Dal tempo del saggio “Schei” di Gian Antonio Stella sino all’ultimo articolo di Michele Serra sui capannoni industriali abbandonati nel Nord Est, due autori hanno descritto drammaticamente la realtà produttiva, e soprattutto operaia, dell’ex miracolo economico veneto: Vitaliano Trevisan con la sua toccante autobiografia in Works, e Fabio Franzin con la sua poesia scritta proprio da una intera esperienza di vita all’interno della fabbrica. E dall’opera principale “Fabrica” a questo ultimo libro “‘A fabrica ribandonàdha” (Arcipelago itaca Edizioni, 2021, Osimo), Franzin chiude il ciclo letterario che narra di una scommessa economico sociale fallimentare già in partenza: una piccola e media industria trainata dalle svalutazioni competitive e sullo sfruttamento dei lavoratori, una trasformazione valoriale di un territorio che porta, nell’arco di una sola generazione, da Dio a mammona, dalla solidarietà all’egoismo. Uno sviluppo dalle gambe corte che sottrarrà terra fertile alla semplicità contadina di un tempo e porterà alla dirompente forza corruttiva della nuova religione degli “schei”.

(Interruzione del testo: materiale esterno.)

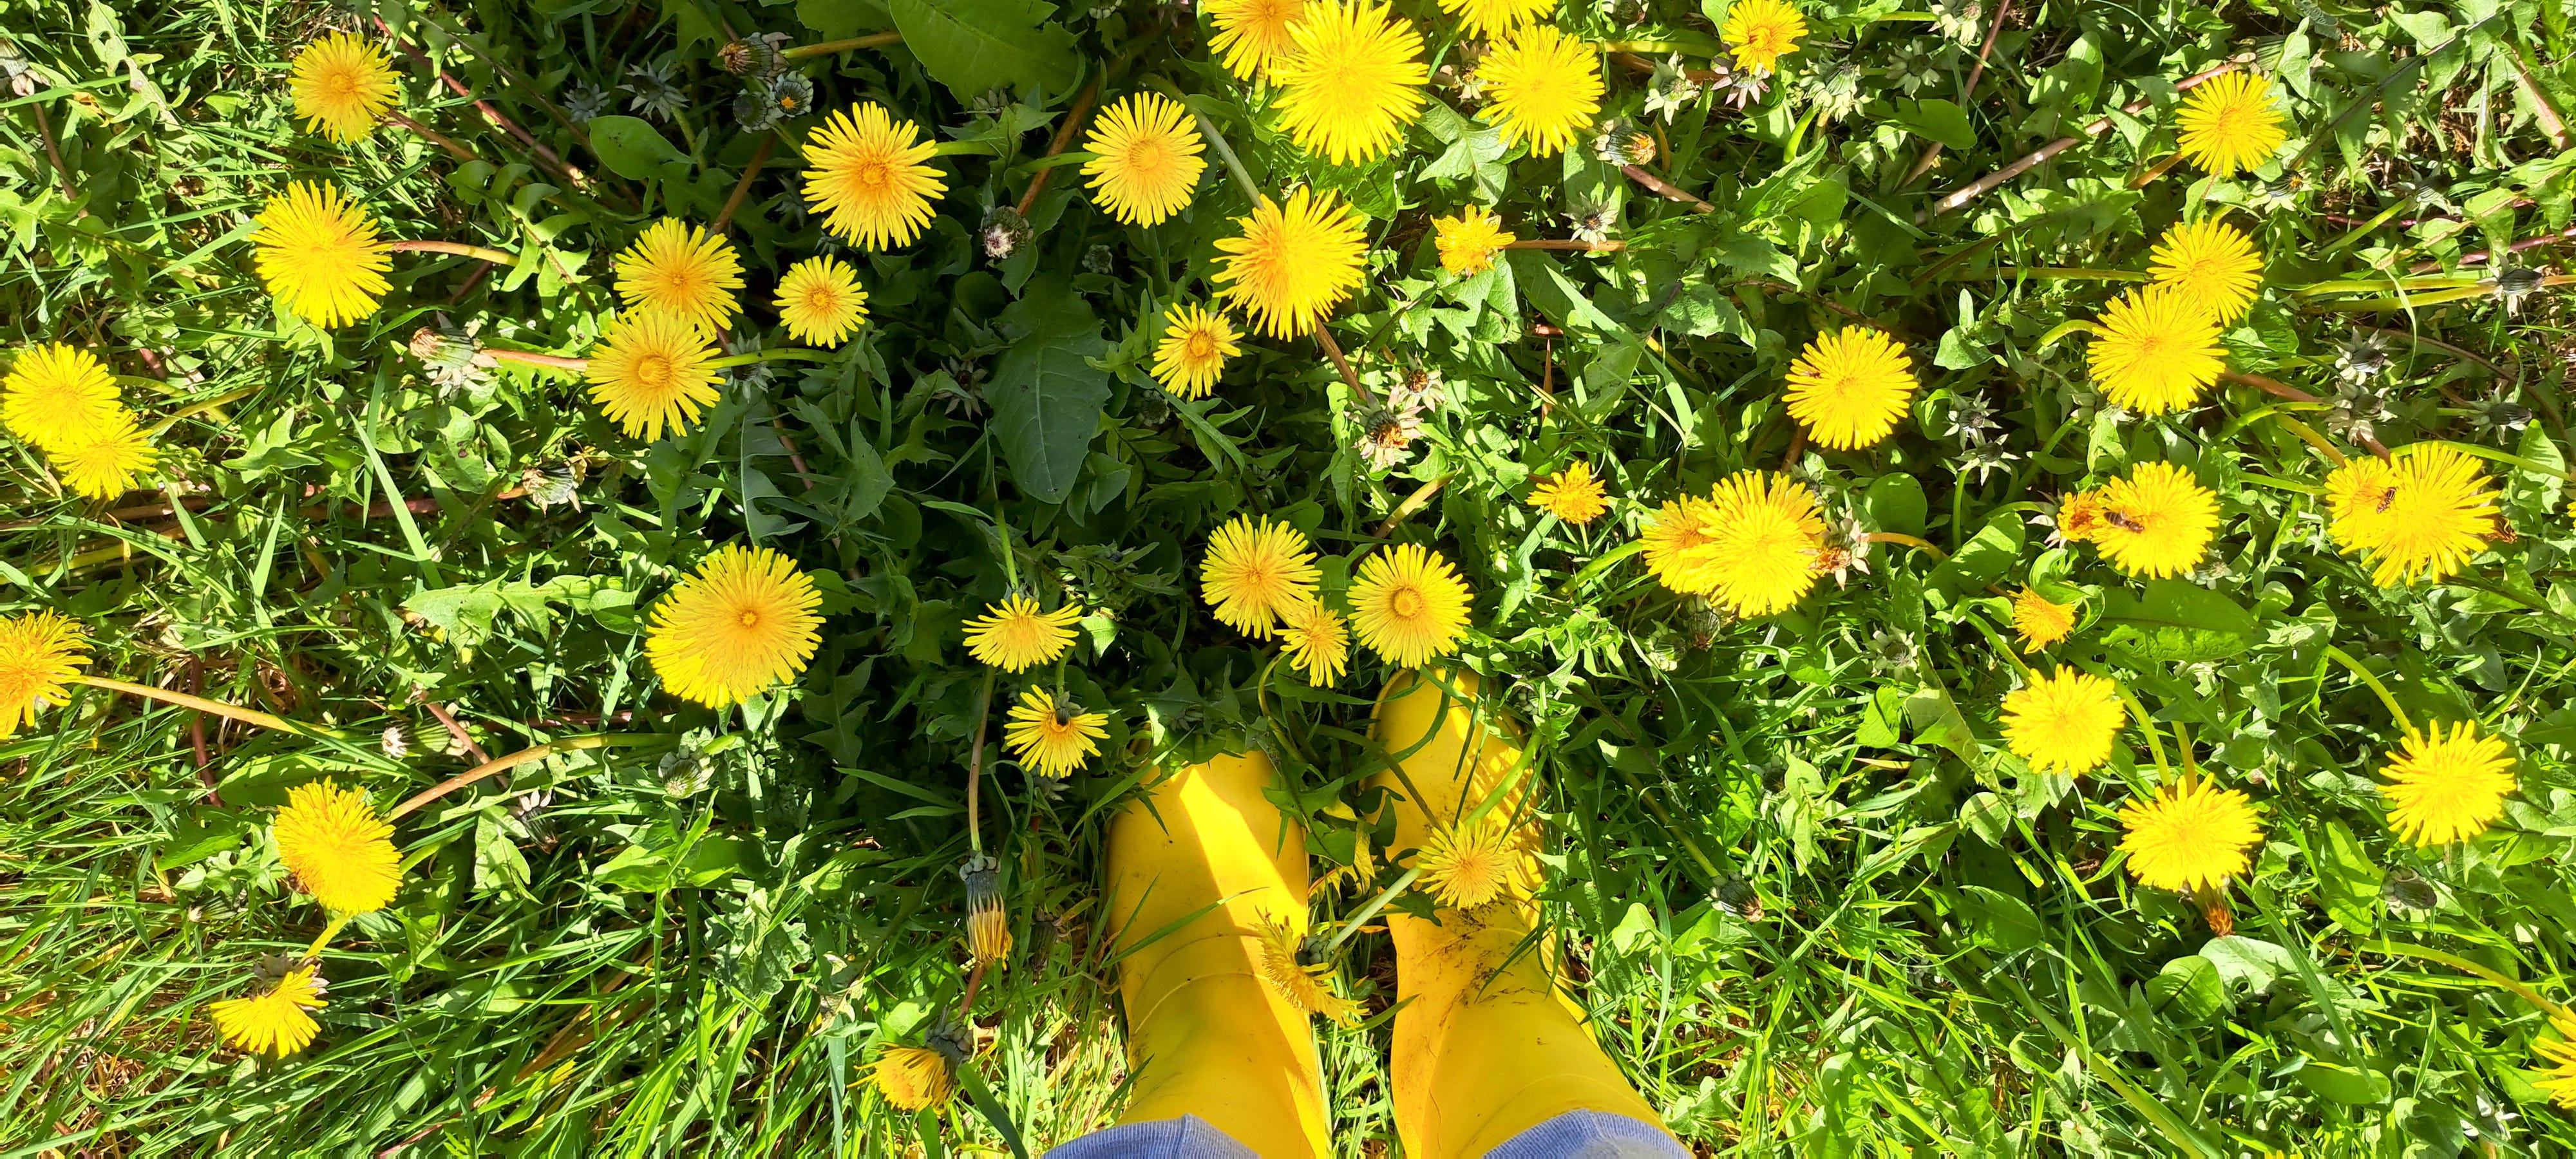 Standing in a patch of bright yellow dandelions wearing yellow wellies

Fabio Franzin canta la remissione della classe operaia che non ha via di fuga dalla fabbrica: fabbrica che è il giogo che pesa sui destini delle famiglie proletarie, automatismo che non si riesce a disinnescare nemmeno per sabotaggio. L’autore, in presa diretta all’interno dei capannoni industriali, usa la lingua del suo territorio: il veneto. Suoni e pronuncia e madonne tra lamiere e torni, turni di notte e straordinari tirati al fine settimana sino ad ammattire, sino allo sboom, alla disoccupazione, per non essere considerati più buoni come ingranaggio dal quale estrarre profitto e speculazione. Leggere la poesia di Franzin è indispensabile per rimanere sempre empaticamente connessi alla sofferenza di chi vive nei luoghi di produzione. Quando alla durezza dei ritmi della fabbrica si affiancano gli incubi dell’incertezza sul futuro lavorativo. I mali atroci di una società sempre più sfaldata dove, forse, è possibile intravedere gli ultimi gesti di solidarietà proprio in coloro che condividono la dolorosa esperienza di fabbrica.

Notizia

Coeva al periodo che va dalla stesura di Fabrica (Atelier 2009) e Co’e man monche (Le voci della luna 2011), ‘A fabrica ribandonàdha nasce come una costola, un’appendice del poema operaio negli anni della grande crisi del terzo millennio. È stata scritta durante il periodo di forzata inattività seguita al fallimento dell’azienda che produceva pannelli semilavorati per mobili in cui avevo prestato la mia opera (reparto presse), per oltre un ventennio, e quindi sballottato nel tempo vuoto della mobilità, della ricerca di un nuovo inserimento nella realtà professionale. Vuoto durato quasi tre lunghi anni.

I testi posti in Appendice, nella sezione Te l‘erta del calvario, sui temi succitati, variano da una stesura (poi rivista) di quell’epoca, sino a testi scritti negli ultimi anni, come echi di una realtà che mi vede ancora dentro, ancora ancorato ai gesti delle mani e della si- rena, e anche come una sorta di colloquio sul tema con i poeti più amati.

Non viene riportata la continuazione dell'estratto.